Voici le communiqué du Conseil d’Etat :

« Plusieurs associations et représentants du monde agricole ont demandé au Conseil d’État de suspendre pour 2022 l’autorisation provisoire d’utilisation des néonicotinoïdes pour la culture des betteraves sucrières. Le juge des référés relève que la loi a expressément prévu cette possibilité de dérogation pour ces cultures, si certaines conditions sont remplies, tenant notamment aux risques pour ces cultures. Il estime que, au vu des éléments transmis par les parties, le risque d’une infestation massive de pucerons porteurs de maladies est réel et sérieux et qu’il n’existe à ce jour, malgré les recherches en cours, aucun autre moyen suffisamment efficace pour protéger ces cultures.
Le 30 janvier 2022, la ministre de la transition écologique et le ministre de l’agriculture et de l’alimentation ont fixé par arrêté les modalités d’utilisation provisoire de semences de betteraves sucrières traitées avec des pesticides contenant des néonicotinoïdes (« imidaclopride » ou « thiamethoxam ») pour la campagne 2022.
Plusieurs associations environnementales ou représentant des apiculteurs et agriculteurs ont demandé au juge des référés du Conseil d’État de suspendre cet arrêté.
L’autorisation provisoire des néonicotinoïdes est prévue par le droit français et européen
Le juge des référés du Conseil d’État relève que le droit de l’Union européenne1 interdit l’utilisation des néonicotinoïdes, mais prévoit des dérogations temporaires lorsqu’il existe de graves risques pour l’agriculture et en l’absence d’autre solution.

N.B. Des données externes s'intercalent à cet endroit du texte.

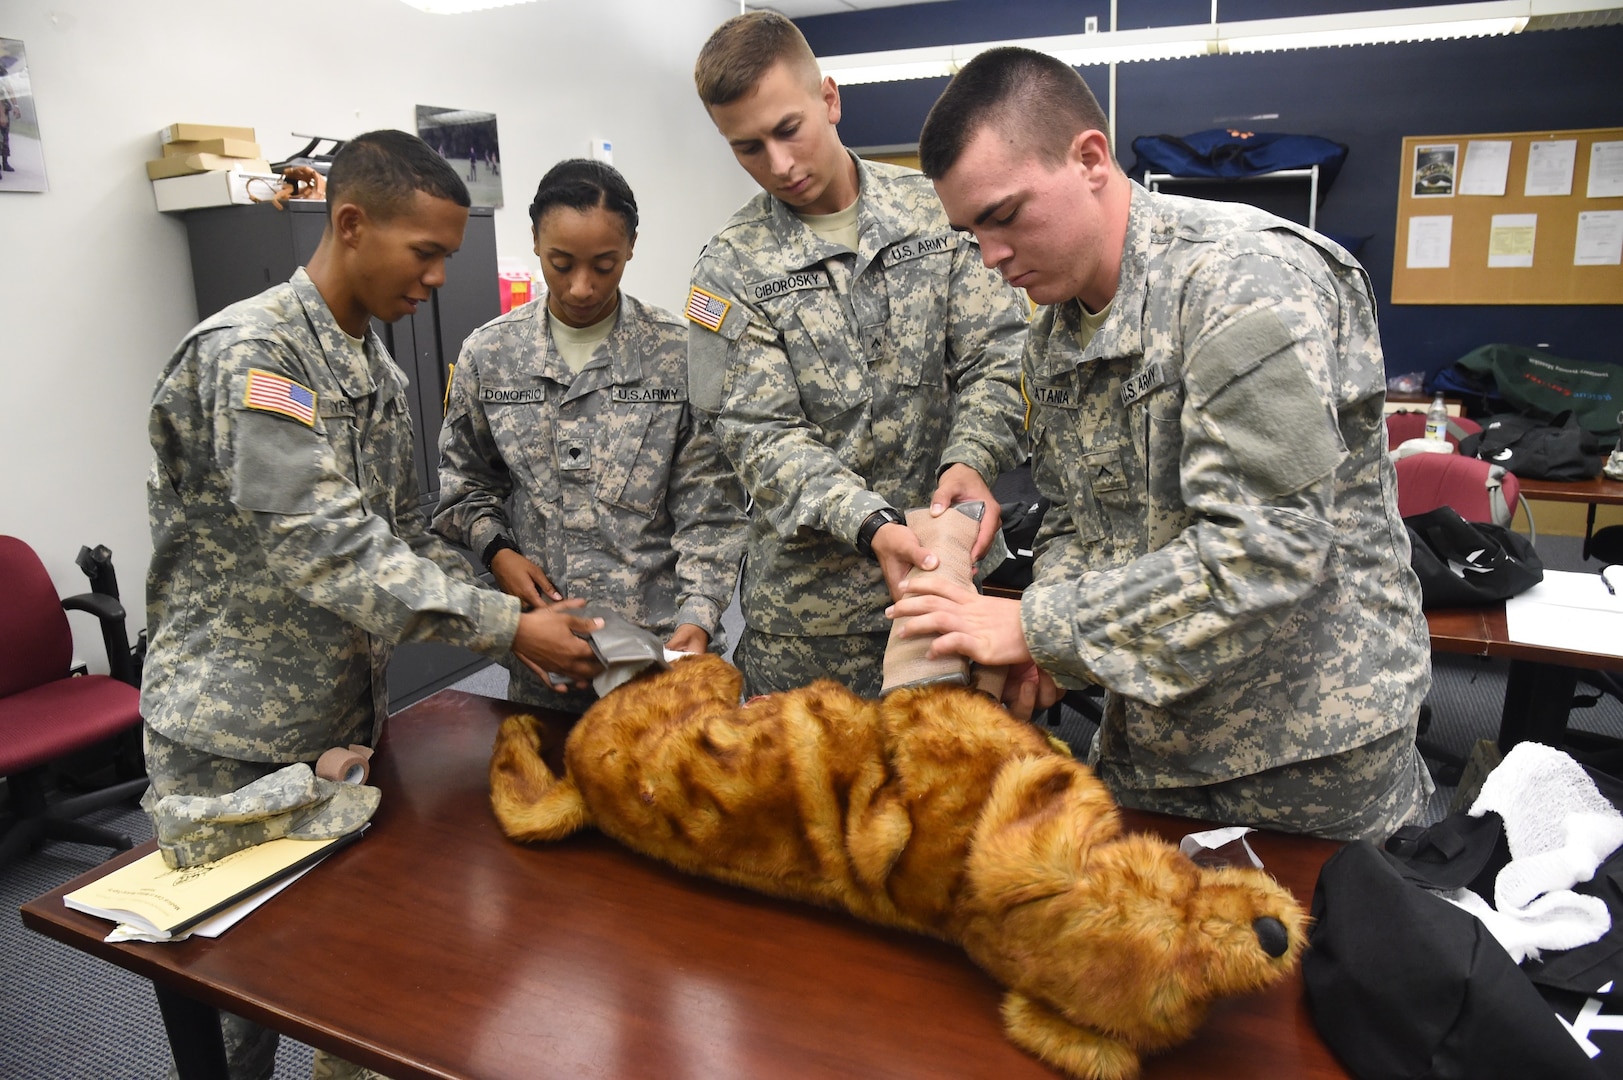 Students from the Military Working Dog Handlers Course at Joint Base San Antonio-Lackland, Texas, treat simulated military working dog injuries Sept. 10, 2015. The innovative design of the MWD simulator is helping the 341st Training Squadron provide a realistic training course for MWD handlers and better prepare them to save the life of their canines if needed. (U.S. Air Force photo by Photo by Staff Sgt. Chelsea Brownin/Released)

La loi du 14 décembre 2020 a autorisé temporairement l’utilisation de ces pesticides pour les betteraves sucrières (1,5 % de la surface agricole utile française). Cette dérogation a été instituée pour protéger ces cultures menacées par des infestations massives de pucerons responsables de maladies virales et pour une durée limitée, le temps que soient mises au point, d’ici à 2023 au plus tard, des solutions alternatives satisfaisantes.
Le juge des référés du Conseil d’Etat estime qu’il résulte de l’instruction et notamment des échanges lors de l’audience publique que le risque d’une nouvelle infestation massive par des pucerons porteurs des maladies de la betterave au printemps 2022 est sérieux et qu’il n’existe pas encore, à ce stade, malgré les recherches en cours, de solutions alternatives suffisamment efficaces pour éviter les dommages graves subis en 2020 par ces cultures.
Le juge des référés relève par ailleurs que l’usage des semences, autorisées pour les seules betteraves sucrières, est limité à 120 jours en 2022 et qu’il est soumis au respect des règles encadrant l’utilisation des pesticides, notamment pour le respect des distances par rapport à des zones d’habitation ou à des cours d’eau.
Comme il l’avait déjà jugé pour la campagne 20212 , le juge des référés estime donc que l’arrêté attaqué ne fait que préciser les conditions de mise en œuvre cette autorisation pour la campagne 2022.»